Thursday, July 30, 2009

DreamWorks on a High

Not from drugs ... but the stock market.

DreamWorks Animation gapped up Wednesday and climbed further in early trade. The stock took out the session highs late in the afternoon and closed up by $2.45 at $31.13. DreamWorks broke out of a 2-month range and set a 10-month high.

The reason I don't always blather on about how awesome Up is, or how Chris Wedge is a freaking genius, is that this dull stock stuff is important.

Because if the studio tanks, the employees that create the product the studio is known for get laid off. So it's a good idea to do some focussing on the economics of animation -- the grosses, the stock price, etc.

Because when the end credits are scrolling, it's about the money, not about the artistry. Sad, but that's the way it works.

9 comments:

Wonkey the Monkey said...

Again with the purist-bashing. I don't see how Dreamworks' financial success makes them bulletproof to artistic criticism, as you often seem to suggest in this blog. Couldn't they make better movies AND keep making buttloads of cash? That's what I want to see.

Steve Hulett said...

Not trying to bash anybody, Monk.

But I get tired of people who talk only of "quality." The problem with that is, quality is important and something to be strived for, but it counts for little if the picture makes no dough.

And good and bad is often in the eye of the beholder. There is, in the end, no "good, better, best." There is only battling opinions.

Box office, however, you can quantify. That's my point.

Added to which DWA makes plenty of quality films.

Anonymous said...

you can quantify box office about as accurately as you can quantify federal monetary policy.

unfortunately, what this corrosive box-office accounting does is reward spending and promote the lowest common denominator. yes, you get lots and lots of jobs out of it. you get larger labor coffers. but you also get stagnant wages which leads directly to decreased worker morale and sinking productivity over the long term, ultimately resulting in company failure and the inevitable fire sale.

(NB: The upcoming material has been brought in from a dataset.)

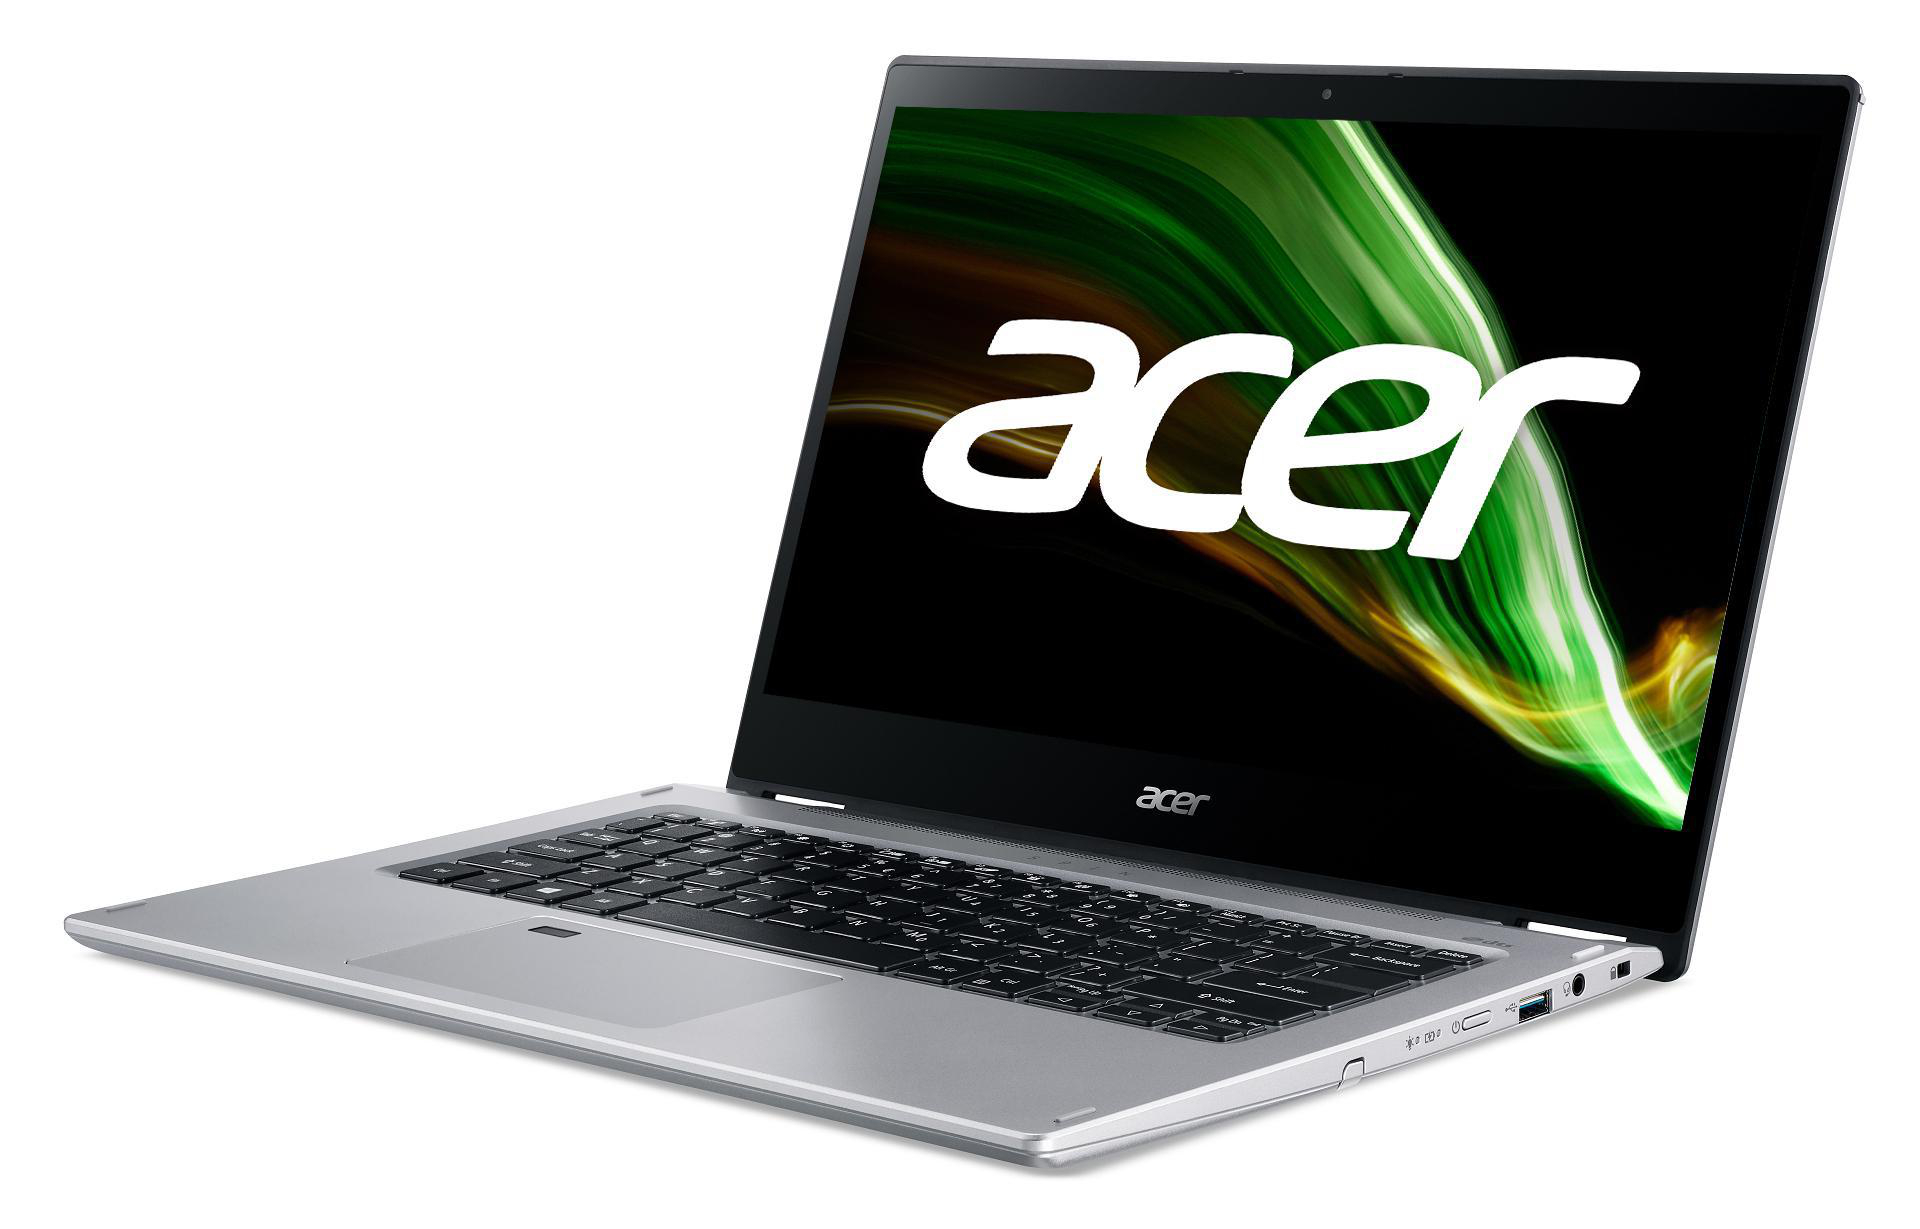 Home 3 RAM, Radeon™ S-Modus Zoll Silver Touchscreen, Spin GB Notebook, Silber SSD, AMD, 14 Windows AMD Bit) Prozessor, 4 GB mit Athlon™ Onboard Acer 10 (64 (SP314-21N-R686), 128 Display ACER Graphics,

but only after the corporate parachutes are handed out, of course. that's capitalism in america - race to the bottom. god help anyone that actually wants to take pride in their work.

Anonymous said...

Wow, that was an incoherent rant. Dude, chill. Your life may suck right now, but at least try to make some sense.

Anonymous said...

Whatever you think of Kung Fu Panda etc., the fact is that Dreamworks Animation stock has been wildly undervalued given their boxoffice success. It would make sense if it corrected as it seems to be doing.

Anonymous said...

"Dreamworks Animation stock has been wildly undervalued "

No. The films do well, but they have yet to leverage this into success with ancilliaries. Disney did this beautifully in their heyday, and Pixar does it extremely well (Cars has raked in over 5 billion). You don't see many kids carrying around Shrek or Sinbad toys (although the Road to El Dorado Ken and Ken doll set sold GANGbusters!).

Anonymous said...

Steve isn't saying anything bad about Pixar. In fact, he follows their box office successes as much as the other studios'. He's just saying money is more important for the livelihoods of animators - which is logical and frankly what he really should care about rather than "quality" that we fanboys have the luxury of talking about with no worries everyday. And this is coming from a Pixar fan.

Chill out.

Anonymous said...

Pixar does it extremely well (Cars has raked in over 5 billion).

Cars is the exception. It's generated more ancillary cash flow (not profit, but cash flow) than ALL the other Pixar movies combined. Except for that movie, Pixar always makes a point that they focus on STORY, not on merchandising. Up is a good example of that (at least, I'm not tripping over Carl action figures, and none of my kids is clamoring for a floating house toy).

This is not a knock on Pixar. It's just a fact that neither Pixar nor DreamWorks have focused as much on merchandising and spin offs of their movies as Disney historically has.

Anonymous said...

The undervalue of the DW stock IS based on the FILMS' successes and projected BO, NOT on ancillary stuff like toys. Same goes for Pixar(when it was a stand alone company before the buyout from Disney).